Patient Nudges: Can Predictive Analytics Alter Patient Decisions?
Discussant: Abraham Asfaw
I analyze six years of healthcare claims data on roughly 40,000 employees from a large company who manages their healthcare expenditures. In the sixth year of this dataset, the company launched healthcare nudge campaigns targeting conditions that can be actively managed to mitigate downstream costs in acute care settings. The campaigns were targeted to individual employees based upon their actual healthcare claims histories, and focused on pain management (e.g., lower back, hip, and knee), primary care services, emergency room mitigation, weight management (e.g., encouraging weight appraisals), diabetes management, encouraging colonoscopies, and cardiac care management.
The natural experiment emerged when an unexpected re-organization halted the launch of the nudge programs for about one quarter of the company. This shock was exogenous to the individual employee traits on which these programs were triggered and created control groups (comprised of individuals who would have otherwise been targeted for each of the campaigns) necessary to evaluate the effect of these nudges on employee decisions about preventative health services.

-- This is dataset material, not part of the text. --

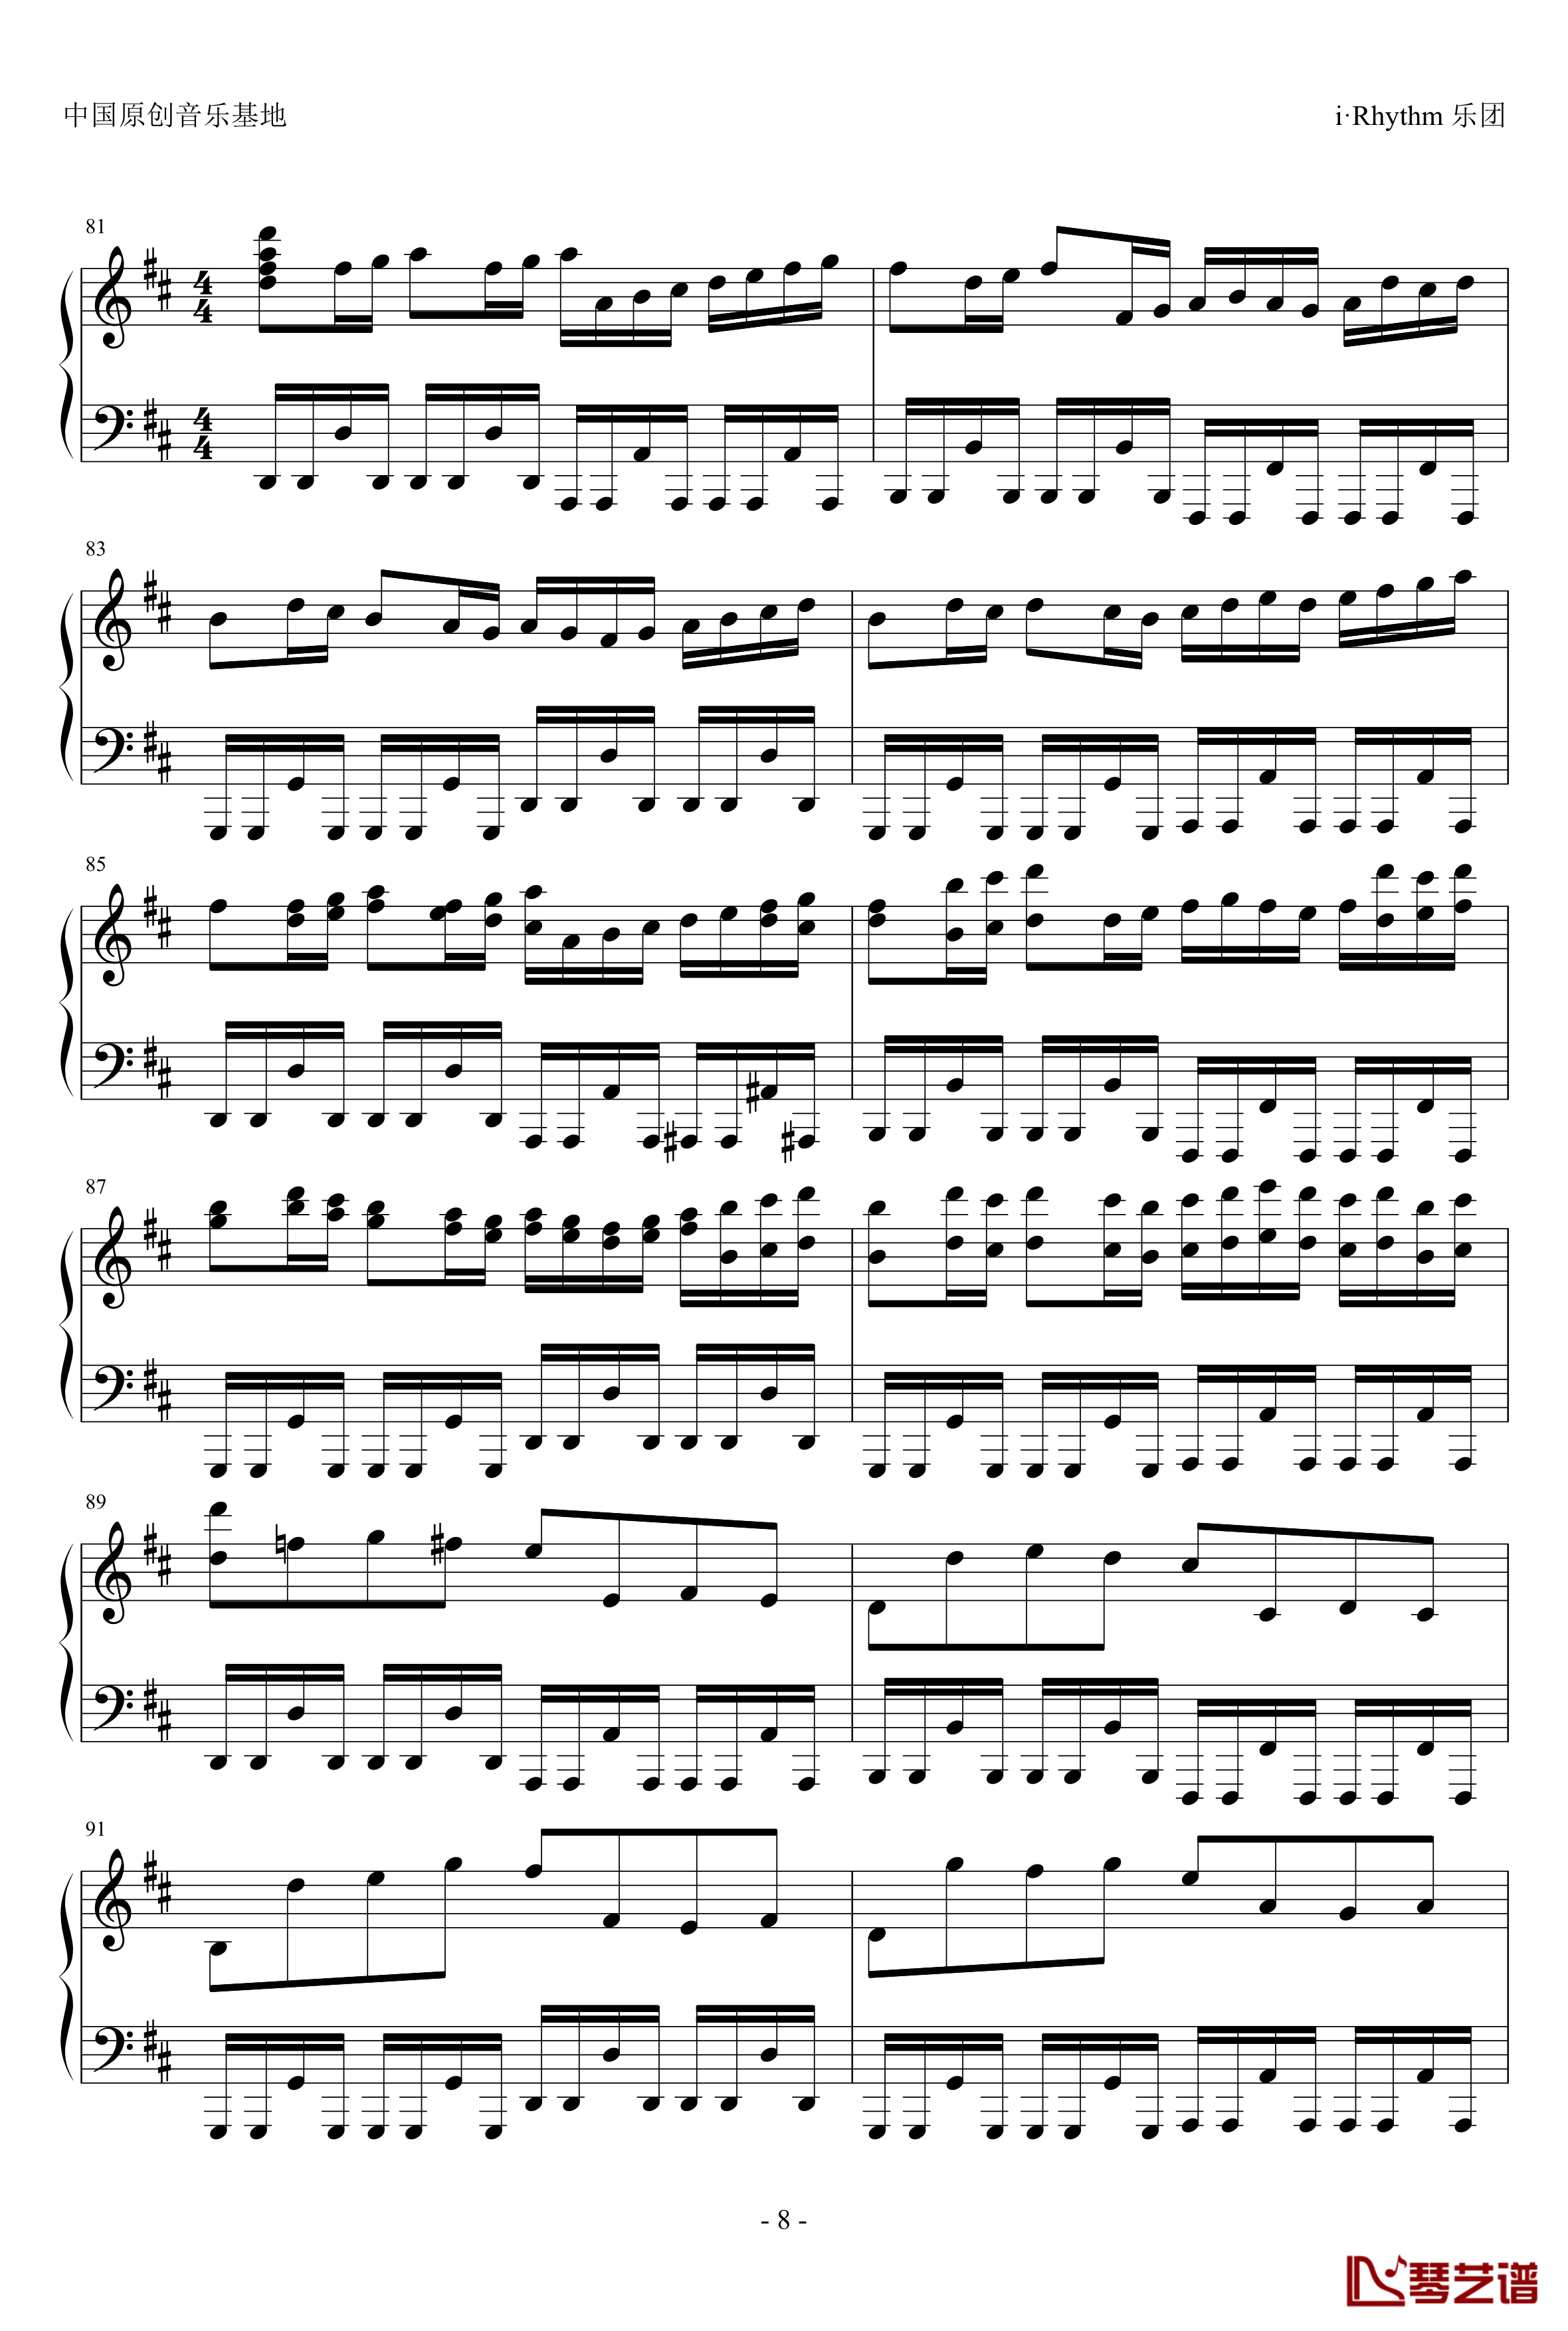 卡农钢琴谱-疯狂版-帕赫贝尔-Pachelbel8

Preliminary results using an event study and differences-in-differences design and controlling for employee risk scores, various fixed effects, and group-specific time trends suggest that the program significantly increased some basic ambulatory services. These services include lower back pain related physician visits, physical therapy sessions, chiropractic care, and drug prescriptions, as well as weight appraisals and visits for diabetes management. However, these nudge campaigns do not appear to have reduced the short-run occurrences or costs of related downstream acute care services such as back injections, back surgeries, heart attacks, heart surgeries, diabetes-related hospital visits, or diabetes surgeries.